我只能动用一切能动用的人脉与资源,去打听,去交换,去拼凑任何可能与蛮荒、与葬风谷、与魔猿族相关的消息! 她转身,看向如同冰雕般沉默的张大凡,眼中是孤注一掷的决然。
她首先通过隐秘渠道联系了药明谷几位信得过的旧识长老,以未来百年为坐忘峰无偿炼制数炉珍贵的高阶丹药为代价,请求他们动用谷内遍布各地的商贸网络与情报眼线,重点探听南疆蛮荒,尤其是葬风谷一带近期的异动,以及魔猿族的动向。同时,她也向一些曾受过她救命之恩、或与坐忘峰有旧谊、常年在外行走、消息灵通的散修发出了求助的讯息,许诺以珍稀丹药或功法残篇作为回报。

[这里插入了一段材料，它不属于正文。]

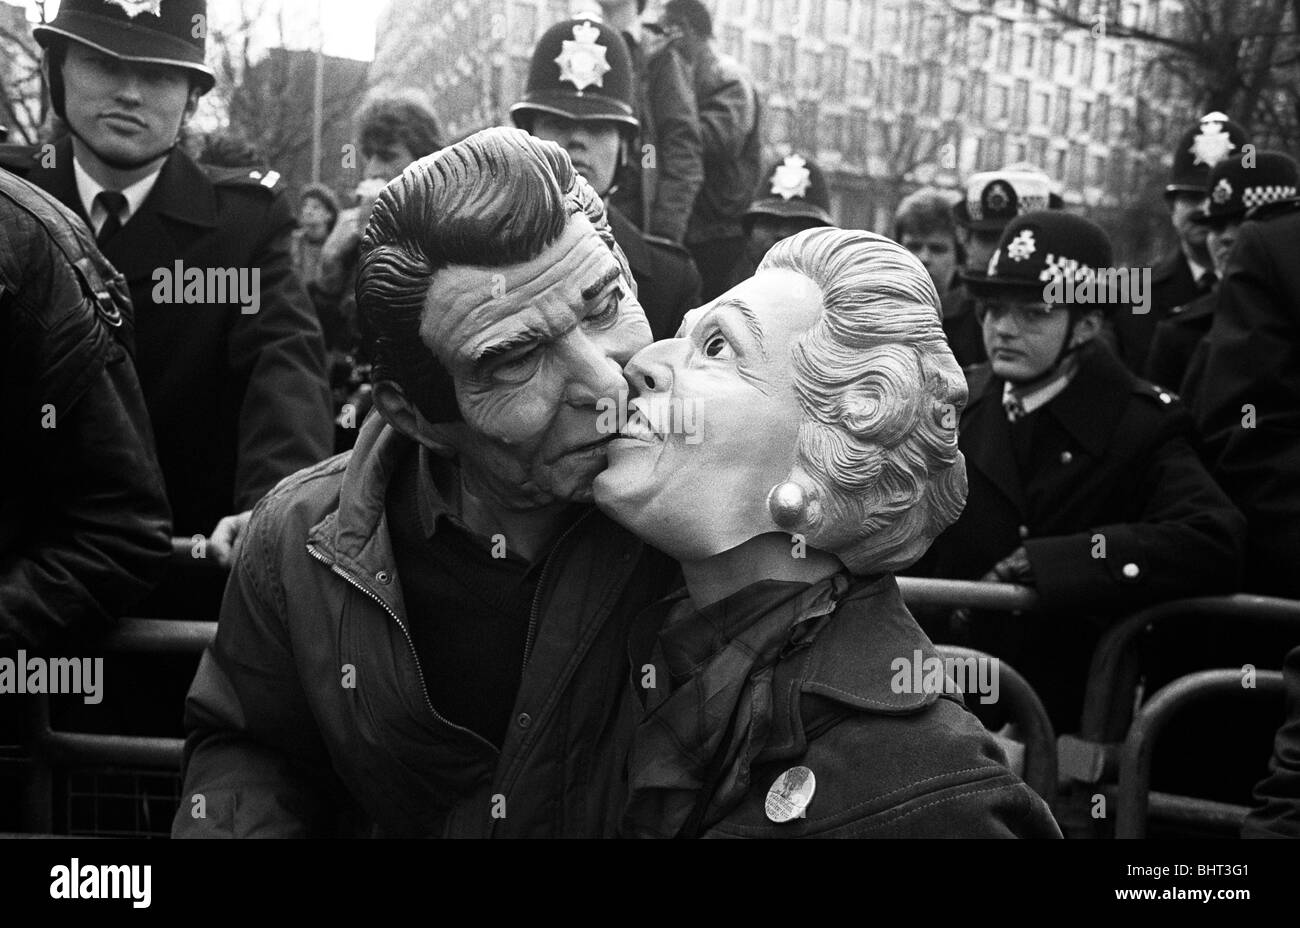 Maskierte Demonstranten posieren als westliche Führer Ronald Reagan und Margaret Thatcher küssen bei einer Demonstration der CND. Stockfoto

等待的日子漫长而煎熬,每一刻都如同在油锅中烹煮。峰内那属于林潇然的剑意气息一天比一天微弱,苏芷薇的心也随着那气息的衰减而一点点沉入无底深渊。她几乎不眠不休,一边全力维持峰内阵法运转,提防可能趁虚而入的宵小,一边近乎疯狂地整理、分析着各方断断续续传回的、大多是无用、模糊或相互矛盾的信息碎片。
转机,出现在林潇然失联后的第十日。
一位与我药明谷有些交情、常年在蛮荒边缘猎杀妖兽、采集毒草换取资源的散修,姓韩,重伤濒死,被人抬回了北境边缘的‘落雁集’。 苏芷薇的声音带着一丝回忆起当时情景的悸动,传回的消息说,他是在葬风谷外围被高阶修士战斗的余波波及,侥幸捡回一条命,但道基已毁,经脉尽断,神魂涣散,寻常丹药已是回天乏术……我得知后,立刻带着峰内仅存的三枚‘九转还魂丹’,亲自赶了过去!